Edit: probably low-mid $30K range, so a new one might be out of the question. Pre-owned would be under $30K though. Definitely get a CPO warranty on a used Audi (I've learned my lesson).


----------



## CMSbored (Apr 2, 2009)

Sorry, the A3 doesnt seem like a good replacement for what he wants. I think a new outback would be a great vehicle for what you are looking for. If thats not SUV enough for you, the newer foresters are little more SUV like. But i feel like you have to get the higher trim package if you go with a forester.


----------



## Shocktroop531 (Aug 3, 2010)

i bought an fj cruiser back in september and I absolutely love it. It is a beast for sure. kicks ass off road. almost impossible to get it stuck. 

probably not the best family vehicle. if you got kids. the backseat it tiny and it is pretty much a two door vehicle. the back doors are little half suicide doors.


----------



## noahj (Dec 25, 2009)

ya the FJ looks awesome, but the more i research it i don't think its what we want. i hear there are issues with blind spots as well as not being as roomie as one might need.

i really like the Outback. however, looking at the Forester might be an option as well. i see the 2009 Forester was voted best SUV by Motor Trend.


----------



## HoboMaster (May 16, 2010)

Forester's are a bit cheaper then the Outback as well.


----------



## Triple8Sol (Nov 24, 2008)

Are you looking new or used or both?

With that budget I'd be looking at stuff like: STI wagon, Legacy GT wagon, S4 avant, 328i xDrive, Evo X, Cayenne, Touareg, Q5, X5, XC90, FX35, Grand Cherokee SRT8, 4Runner Sport.


----------



## noahj (Dec 25, 2009)

Newer preferably. Something like 2009 or 2010. Don't wanna really go brand new unless we come across a deal we can't pass up.


----------



## Toecutter (Oct 11, 2009)

CMSbored said:


> Sorry, the A3 doesnt seem like a good replacement for what he wants.


Maybe not. It'd be a good snow car/family car but no so much on the camping (although he said he'd be car camping and not off-roading).

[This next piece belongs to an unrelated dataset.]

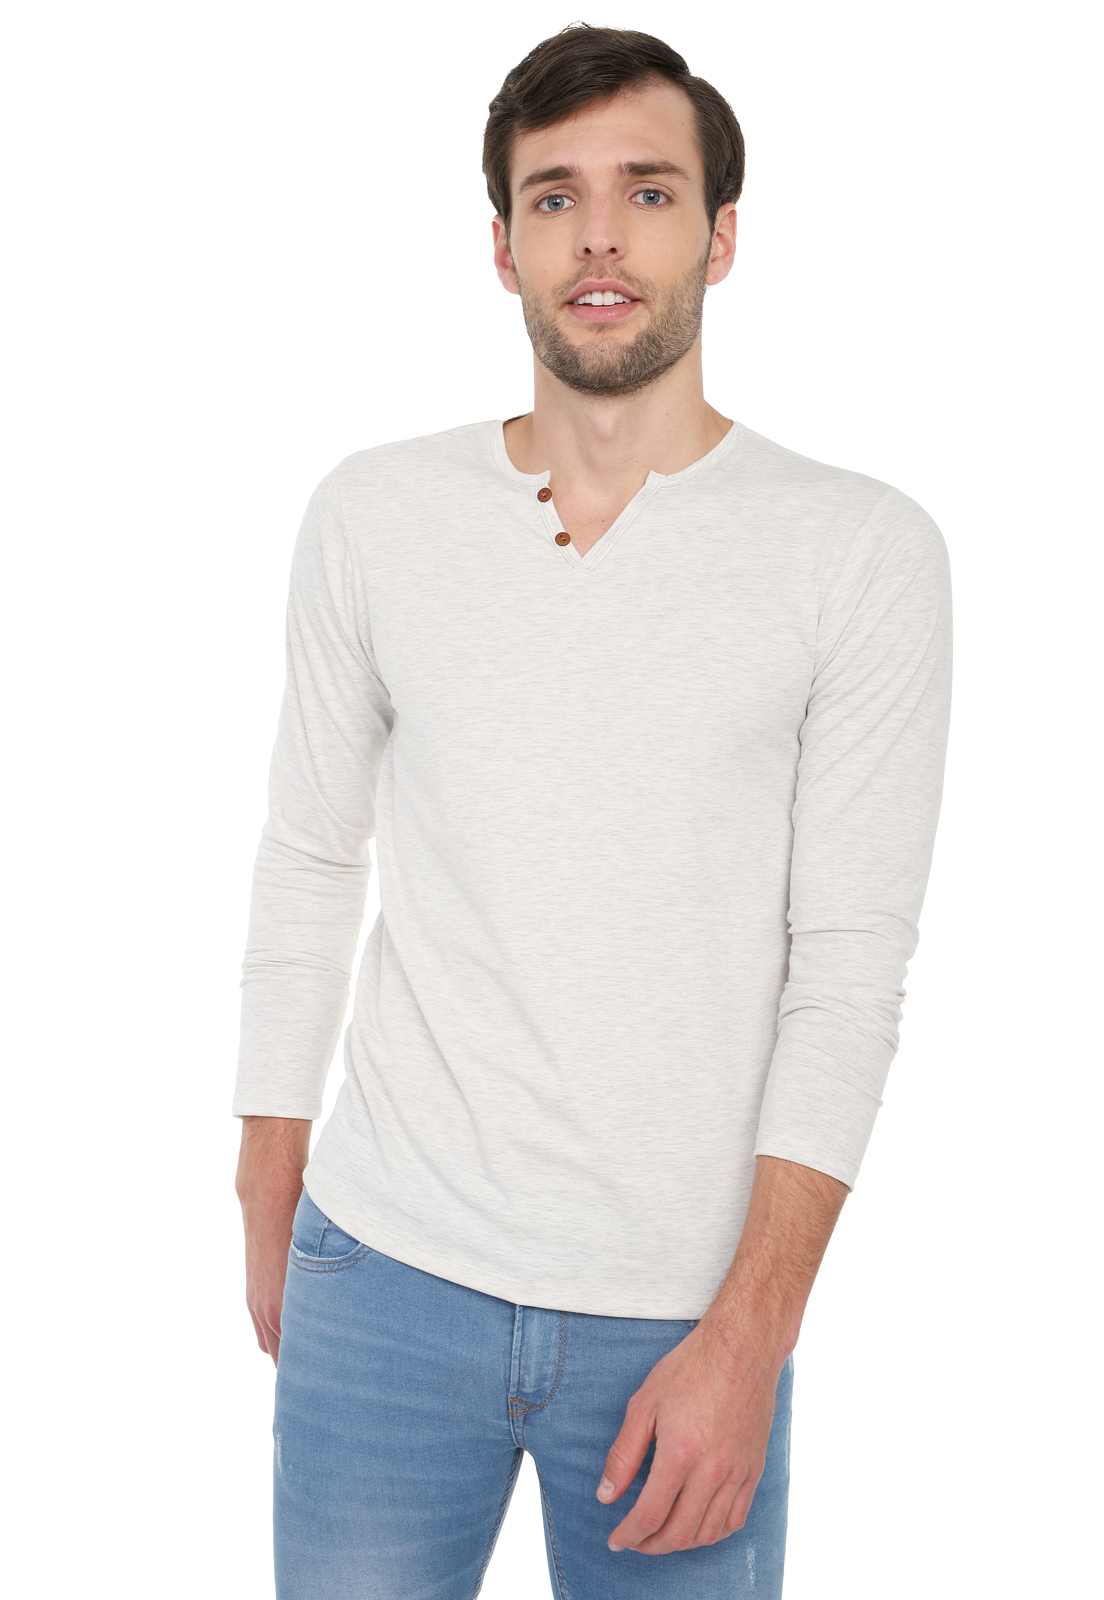 Camiseta Manga Larga Licrada - Marfil | Polovers
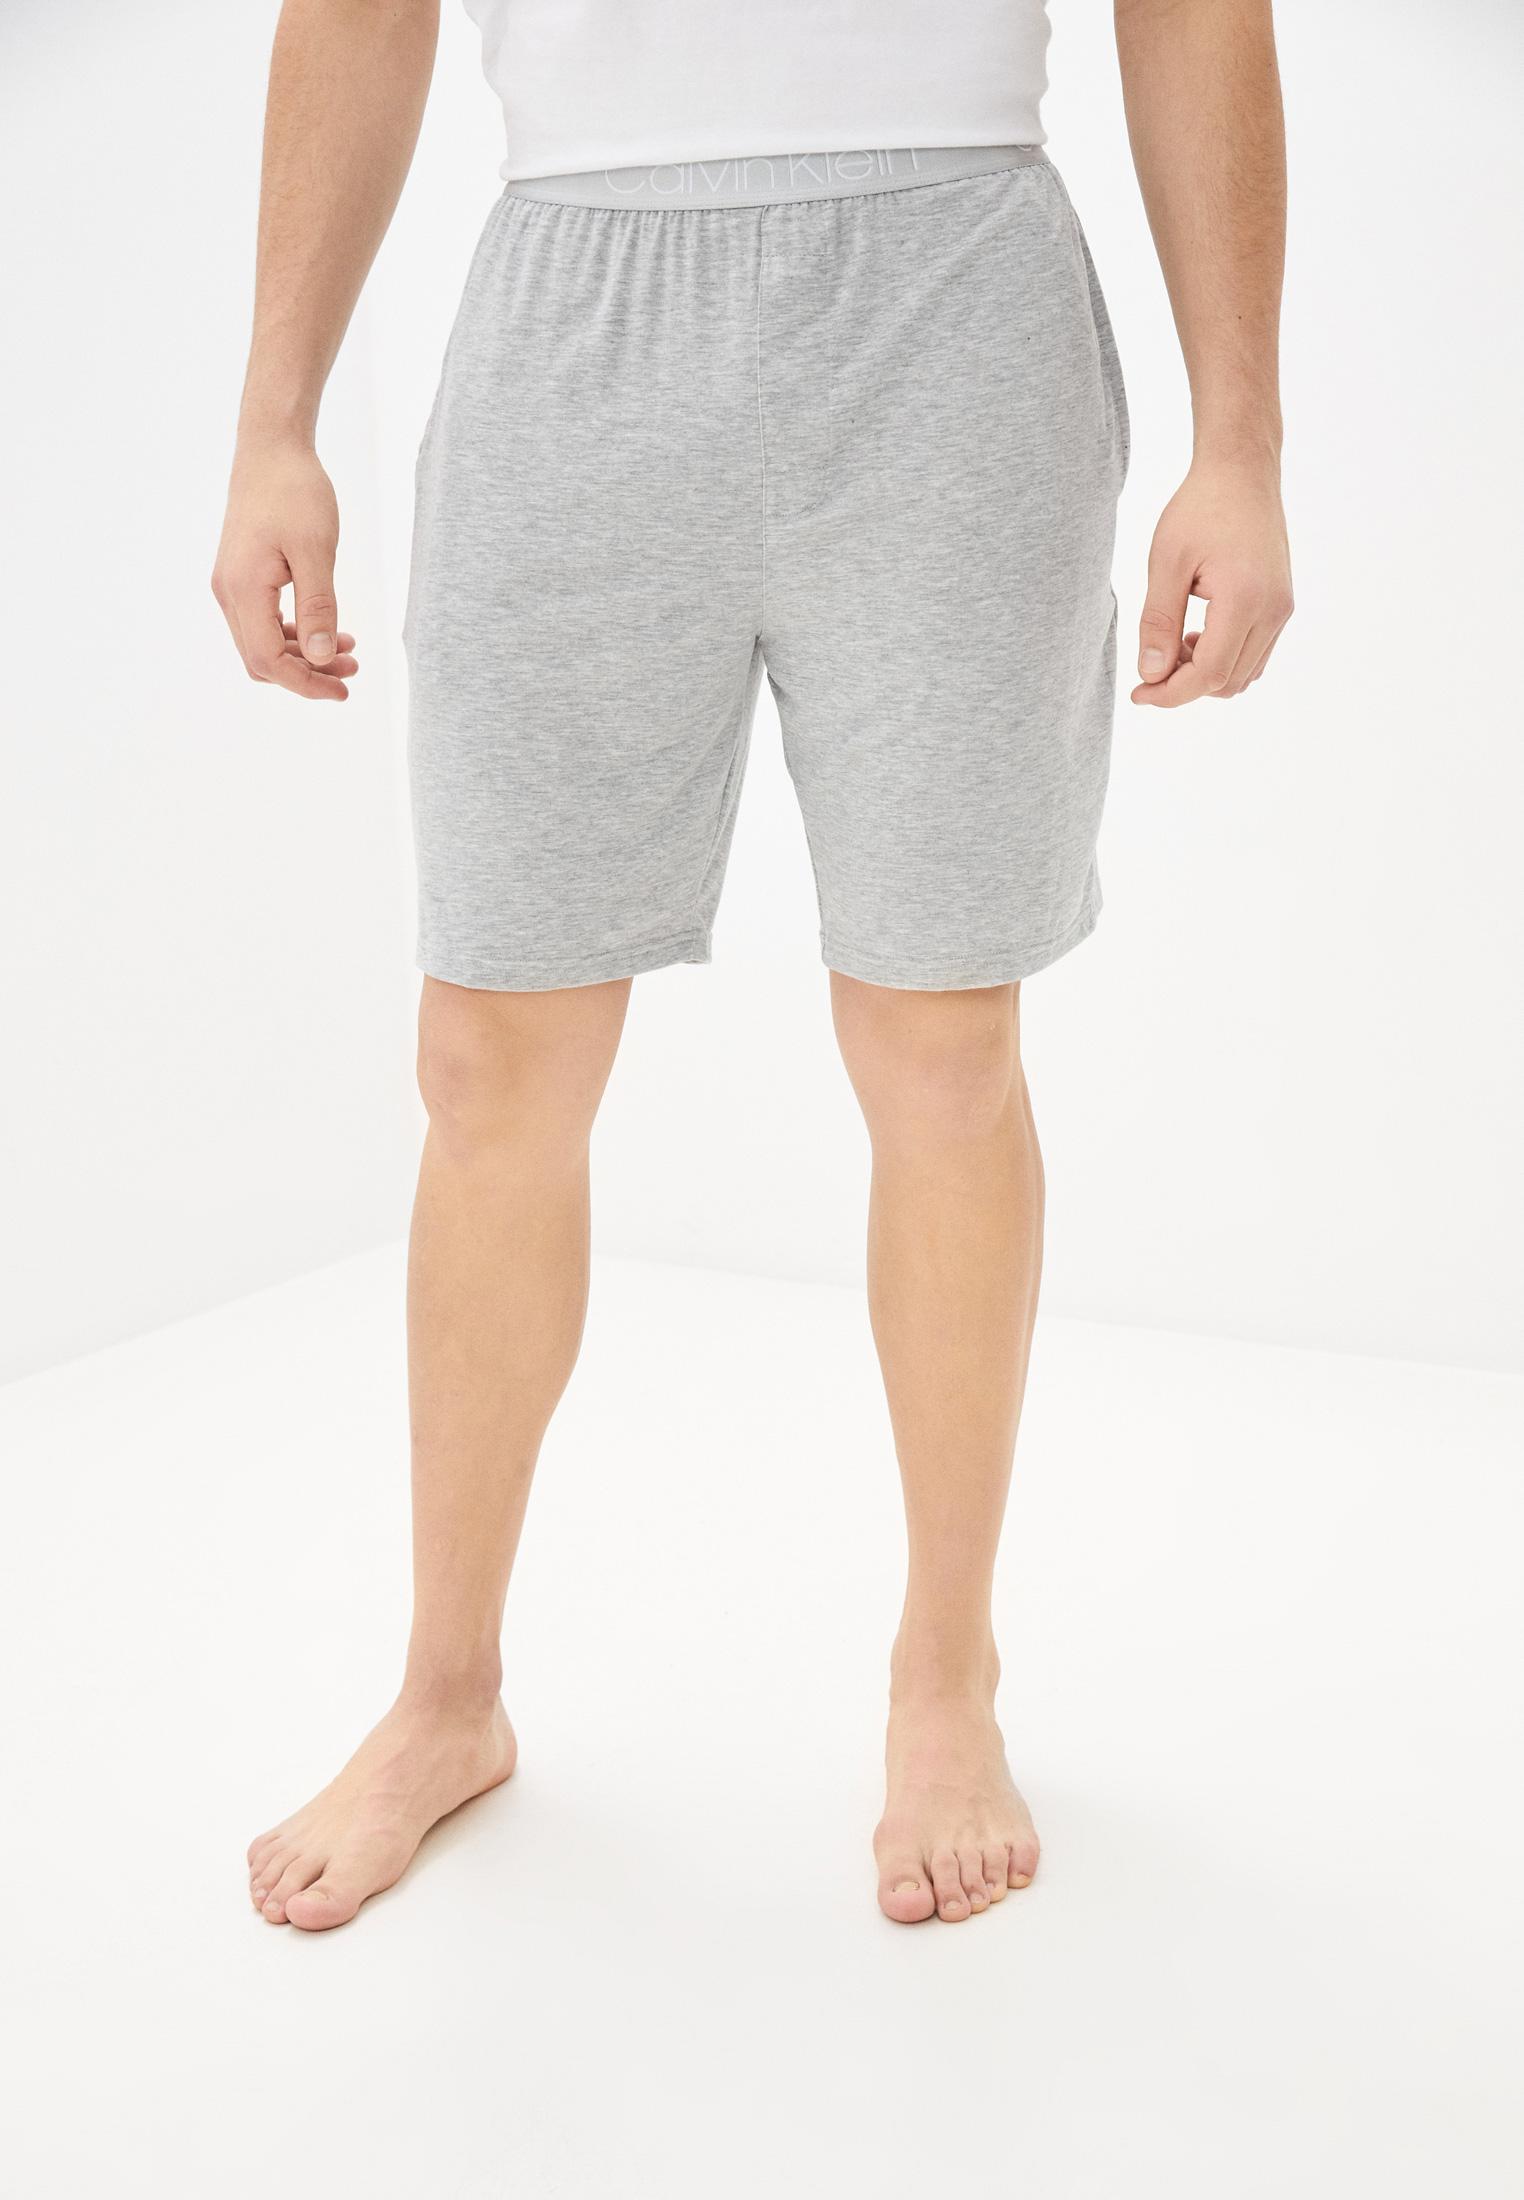 Мужские домашние брюки Calvin Klein Underwear (Кельвин Кляйн Андервеар) NM1660E

The Outback is hard to beat for the price, but it handles so blahhh.


----------



## Toecutter (Oct 11, 2009)

Triple8Sol said:


> Are you looking new or used or both?
> 
> With that budget I'd be looking at stuff like: STI wagon, Legacy GT wagon, S4 avant, 328i xDrive, Evo X, Cayenne, Touareg, Q5, X5, XC90, FX35, Grand Cherokee SRT8, 4Runner Sport.


Are _any_ of those under $30K?


----------



## PowSurfer (Nov 10, 2009)

I'd get the Subaru Outback in a heartbeat! I've had 3 and they are my favorite cars! Mine is a company car and I just keep buying them out every 2 yrs when I get a new one. My wife drives one and when I get my new one in Feb my daughter will get one. Very reliable, good mileage, versatile and excel in snow conditions, the perfect mountain vehicle! I had a Toyota Land Cruiser for years, great vehicle but crappy mileage and the GX470 was one we were looking at to replace it but didn't want to spend the money so buying the company car was the best option. You won't regret getting the Subaru!


----------



## Shocktroop531 (Aug 3, 2010)

noahj said:


> ya the FJ looks awesome, but the more i research it i don't think its what we want. i hear there are issues with blind spots as well as not being as roomie as one might need.
> 
> i really like the Outback. however, looking at the Forester might be an option as well. i see the 2009 Forester was voted best SUV by Motor Trend.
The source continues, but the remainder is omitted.